# Couple CAAD9 questions



## filly (Feb 6, 2003)

I can't find on their website what the seatpost diameter and front derailleur clamp diameter is needed. 

Thanks.


----------



## coyotebike (Dec 15, 2004)

seat post is 27.2 and FD clamp is 34.9


----------



## Cevan (Jul 19, 2004)

*Caad9 seatpost is 27.2??*

I was looking at a SystemSix at my LBS and that post looked like a 31.6. I believe that the Caad9 and the SystemSix share the same seattube. Please correct me if I'm wrong.


----------



## Magsdad (Jun 29, 2005)

*I may be wrong...*

but there was another thread that argued this same point. I believe it turned out that the back is not EXACTLY a CAAD 9 rear end.

BTW, the 9 rocks.


----------



## Cevan (Jul 19, 2004)

*I e-mailed Cannondale today and this is the reply:*

Seat post 31.6 front derailleur clamp 34.9

-----Original Message-----
From: xxxxxxxxxxxx 
Sent: Tuesday, March 20, 2007 1:28 PM
To: custserv
Subject: Caad9 frameset

What is the seatpost size and front deraileur clamp size for the Caad9
frame? Thanks.



----------------------------------------------------------

This communication may contain information that is
proprietary, privileged, confidential or legally exempt
from disclosure. If you did not receive this directly from
Cannondale Bicycle Corporation, or received this in error,
you are notified that you are not authorized to read,
print, retain, copy or disseminate this communication
without the consent of the Cannondale Bicycle Corporation
and that doing so may be unlawful.

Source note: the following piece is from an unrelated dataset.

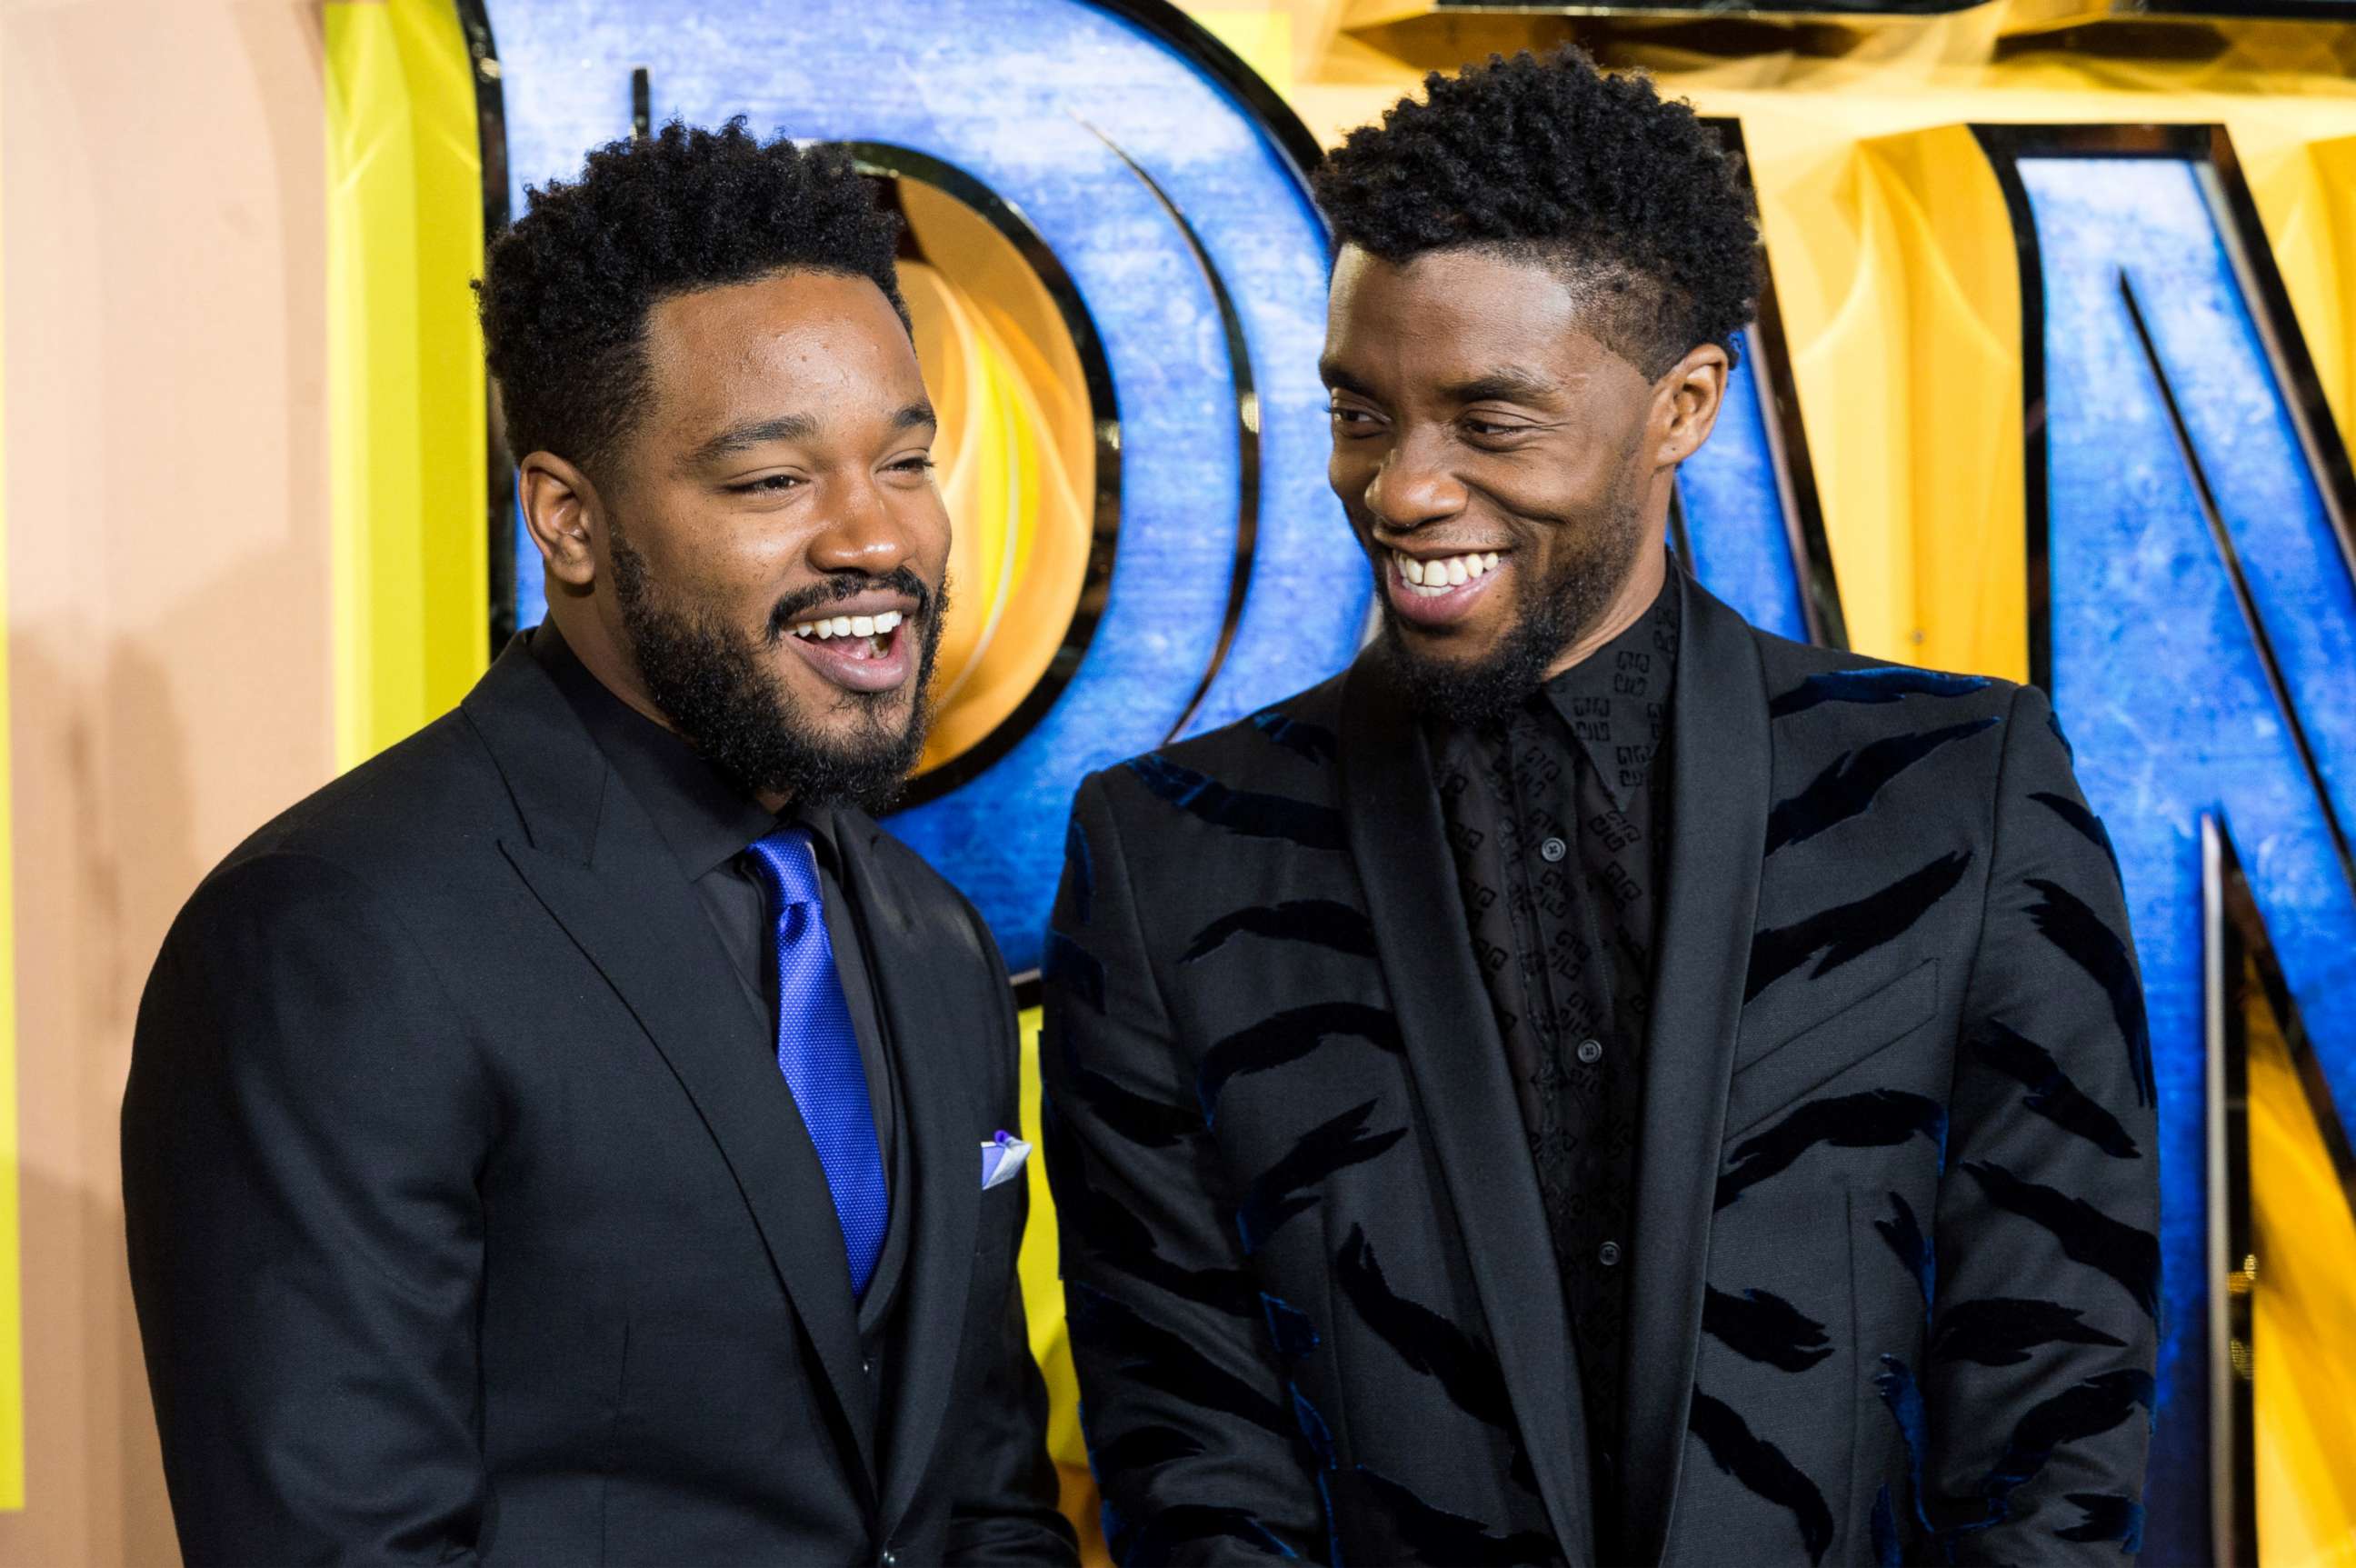 PHOTO: Ryan Coogler and Chadwick Boseman arrive for the European film premiere of "Black Panther" in London, Feb. 8, 2018.

If you have received
this communication in error,please notify the sender via
return e-mail and delete it from your computer.
Thank you, Cannondale Bicycle Corp


----------



## MWT (Nov 12, 2002)

Check out this link. What gives?

http://gb.cannondale.com/bikes/07/ce/road/caad9/model-7RA91D.html




Cevan said:


> Seat post 31.6 front derailleur clamp 34.9
> 
> -----Original Message-----
> From: xxxxxxxxxxxx
> ...


----------



## toyota (Sep 4, 2006)

System6 has 31.6 seatpost and caad9 has 27.2. They both use 34.9 front der but the seat tube on the caad9 tapers to a smaller diameter at the top and the System6 doesnt.


----------



## Cevan (Jul 19, 2004)

*That is the*



MWT said:


> Check out this link. What gives?
> 
> http://gb.cannondale.com/bikes/07/ce/road/caad9/model-7RA91D.html



That is the UK website, while the USA is silent on the issue: http://www.cannondale.com/bikes/07/cusa/road/caad9/index.html

Would someone who actually has a 2007 Caad9 please post the seatpost size? Thanks.


----------



## Magsdad (Jun 29, 2005)

Cevan said:


> That is the UK website, while the USA is silent on the issue: http://www.cannondale.com/bikes/07/cusa/road/caad9/index.html
> 
> Would someone who actually has a 2007 Caad9 please post the seatpost size? Thanks.


I have a 2007 CAAD 9 Optimo 3 with a beautiful Thomson 10* setback 27.2 post in it!:thumbsup:


----------



## MWT (Nov 12, 2002)

Magsdad said:


> I have a 2007 CAAD 9 Optimo 3 with a beautiful Thomson 10* setback 27.2 post in it!:thumbsup:


I just picked up my CAAD9 last night - 27.2 Ritchey WCS carbon post.


----------